Erneut sehr gutes GFO
Was die Verantwortlichen um Christoph Müller mit dem Gstaad Festival Orchestra in diesen zehn Jahren erreicht haben, verdient grossen Respekt und Anerkennung. Die Qualität ist insgesamt kontinuierlich gestiegen und muss heute den Vergleich mit etablierten Orchestern nicht scheuen. Alle Register sind hervorragend besetzt und konnten bei Bruckners siebter Sinfonie immer wieder uneingeschränkt Zeugnis von ihrem Können ablegen. Im ersten Satz, von Juya Shin und Alizé Léhon geleitet, fielen gleich zu Beginn wiederum die fantastischen Celli mit ihrem sonoren Klang auf. Juya Shin arbeitete die Bläsersoli sehr schön aus und Alizé Léhon, die als Gewinnerin des zweiten Järvi-Preises das Sinfonieorchester Basel und das Musikkollegium Winterthur wird dirigieren dürfen, wählte eine etwas leichtere Klangfarbe mit einem beeindruckenden Aufbau zum Finale des Allegro moderato. Mats Thiersch begann das Adagio mit dramatischer Spannung, Nina Haug liess es grösser, breiter und mächtiger erklingen und Junping Qian gelang ein offenes, freies Ende dieses langsamen Satzes mit schönen Kontrasten. Das Scherzo. Sehr schnell, von Giovanni Fanizza dirigiert, war etwas flach und leider weder scherzhaft noch sehr schnell.
33’000 Minuten
Celia Llácer fokussierte im Finale auf viele Details, die ihr auch sehr gut gelangen, verlor dadurch aber etwas das grosse Ganze aus dem Blick.
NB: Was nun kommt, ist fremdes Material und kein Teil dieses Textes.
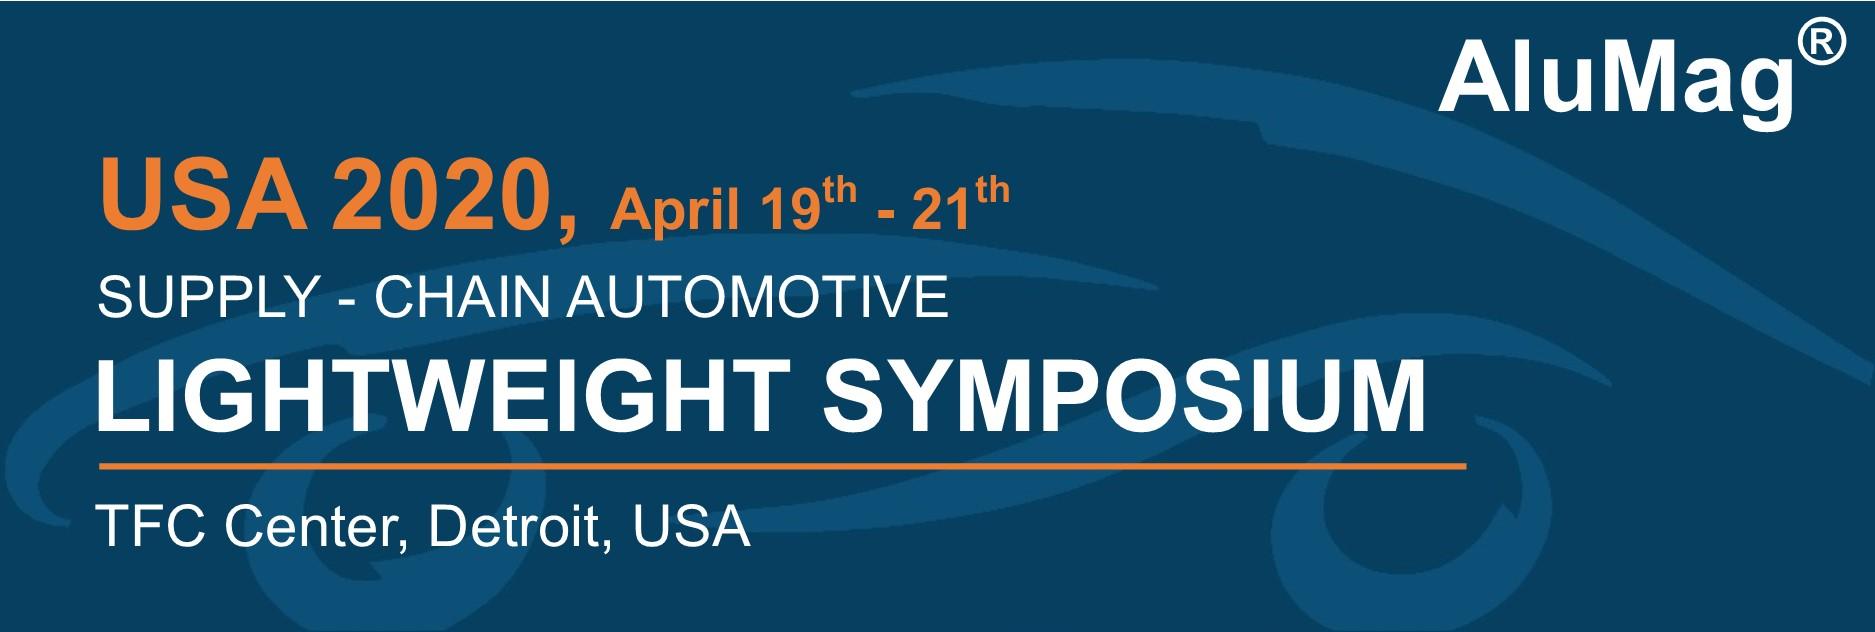 AluMag_Symposium_Logo_USA 2020
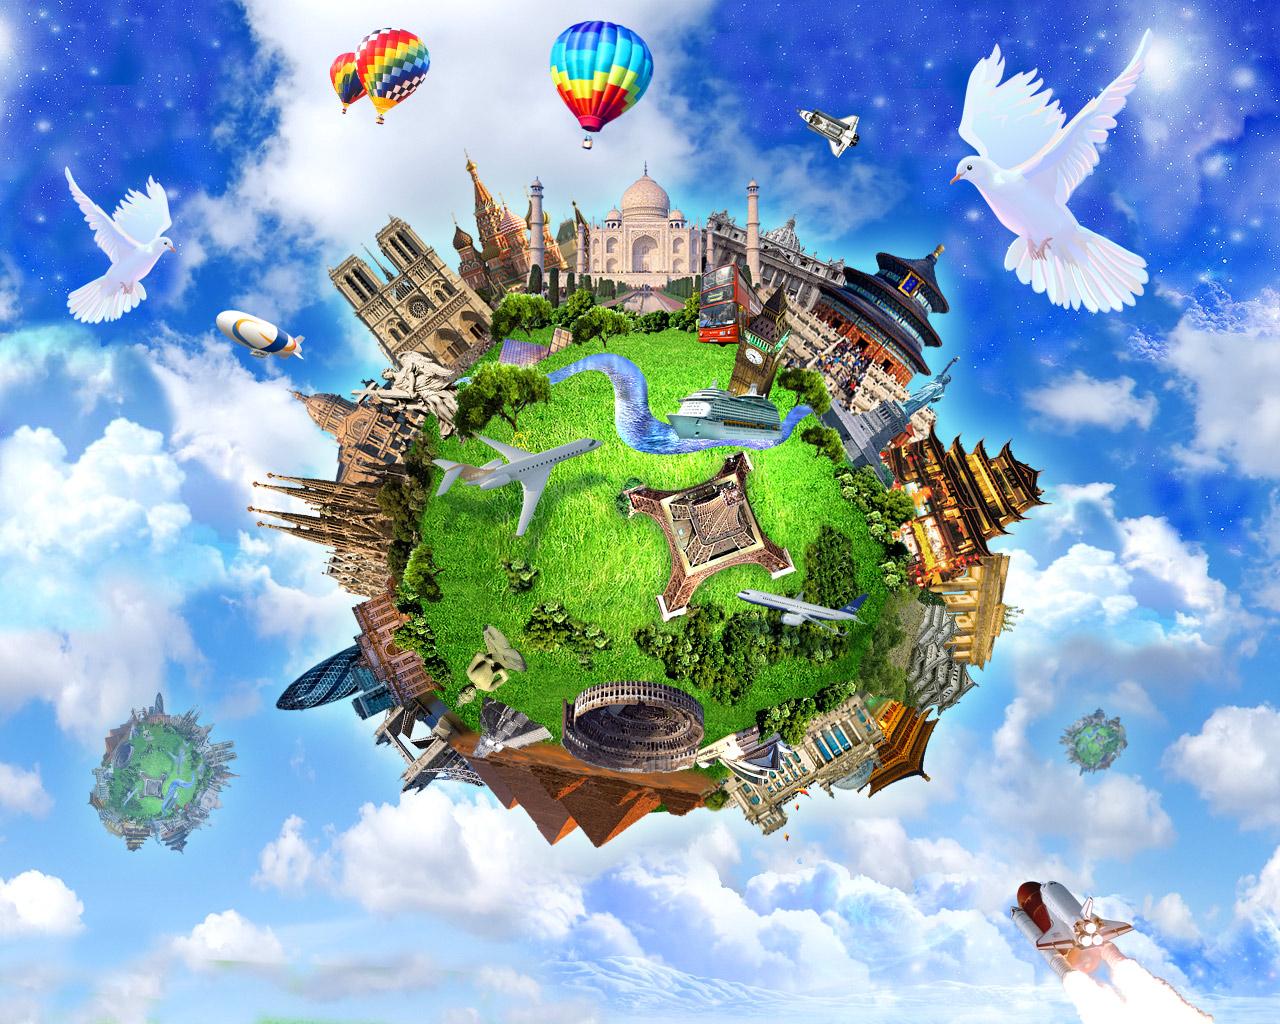 http://2.bp.blogspot.com/-XCyT4I0a9yY/TgxsqsfWHiI/AAAAAAAAAwE/JZh5_r7dk-k/s1600/creative+hd+wallpapers+92.jpg

Omer Ein Zvi liess das Orchester dann freier atmen und zum Ende hin aufs Schönste jubilieren. Er wird als Gewinner des dritten Preises das Berner Symphonieorchester dirigieren dürfen. Interessant zu wissen ist, dass die erwähnten Partnerorchester selbst entscheiden, welchen der Preisgewinner sie einladen möchten. So ist zu erklären, warum die einen mehr Einladungen erhalten als die anderen. Über 120 Nachwuchsdirigenten haben während des zehnjährigen Bestehens der Academy an den Meisterkursen teilgenommen, wobei ein wichtiger Teil der intensiven Arbeit mithilfe der Videoaufnahmen erfolgt. Wie Gewinner Pernet im Gespräch mit Lukas Wittermann erklärte, hilft es den jungen Dirigenten sehr, wenn sie sich anschauen können, wie sie sich bewegen, wie sie mit Gestik und Mimik versuchen, das Orchester zu dem zu bewegen, was sie wollen. 33’000 Minuten oder 550 Stunden Aufnahmematerial haben sich in zehn Jahren angesammelt. Auf die nächsten 33’000 Minuten – Happy Birthday Gstaad Conducting Academy!